In September 1997 she had a feature role in OL Chu-Singura, a comedy about women office workers fighting against an evil corporation, and in 1998, she appeared as the heroine in the black comedy Unlucky Monkey directed by Sabu. Yoshino continued to appear in films, TV shows and V-cinema productions in the early 2000s. In the TV Tokyo series Hanbun no Tsuki ga Noboru Sora, a live action TV drama based on a series of novels which aired in October to December, 2006, she played the role of the nurse Akiko Tanizaki.

In August 2008, the adult video (AV) firm Muteki announced that Yoshino would be the star of their second video production (the first starred actress Mio Saegusa). According to reports, Yoshino was to be paid about 20 to 25 million yen (about US$170,000 to 200,000) and it was considered that the video might sell as many as 100,000 copies. The video, Impact Kimika Yoshino (インパクト 吉野公佳), released by Muteki in October 2008, was an "adult image" video which did not contain any hardcore sex.

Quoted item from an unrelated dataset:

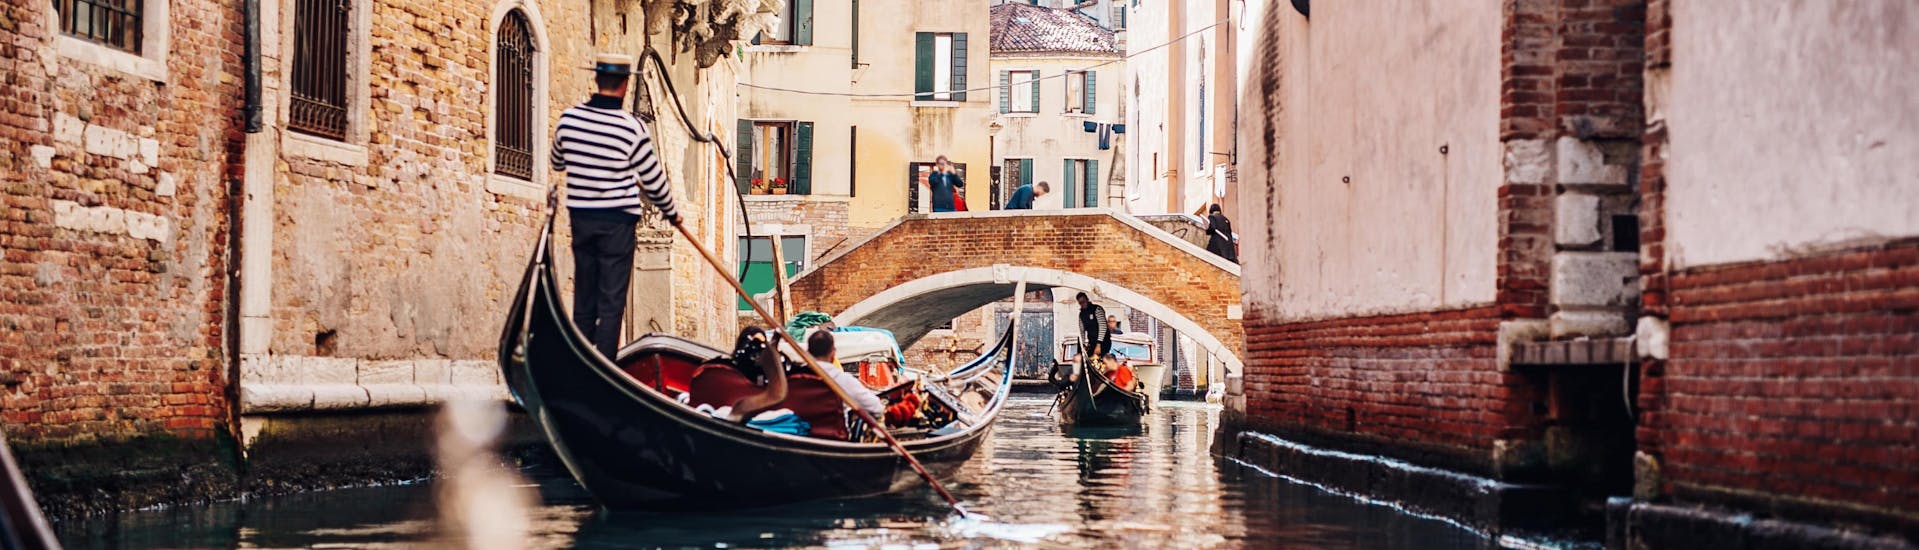 Un gondoliere sta remando la barca attraverso uno stretto canale durante un giro in gondola a Venezia.

Yoshino returned to mainstream film in 2010 with a role in the horror film Kyofu. In 2011, she starred in the title role for the TBS version of the manga classic Lady Snowblood which was broadcast on March 27, 2011.

==Filmography==
- Eko Eko Azarak: Wizard of Darkness (1995)
- Eko Eko Azarak 2: Birth of the Wizard (1996)
- Acri: The Legend of Homo-Aquarellius (1996)
- OL Chu-Singura (OL忠臣蔵　Chu～Shin　Gura) (1997)
- Unlucky Monkey (アンラッキー・モンキー) (1998)
- Gozu (2003)
- Garo (2005, TV series)
- Hanbun no Tsuki ga Noboru Sora (2006, TV series)
- Waru (2006)
- Kyofu (2010)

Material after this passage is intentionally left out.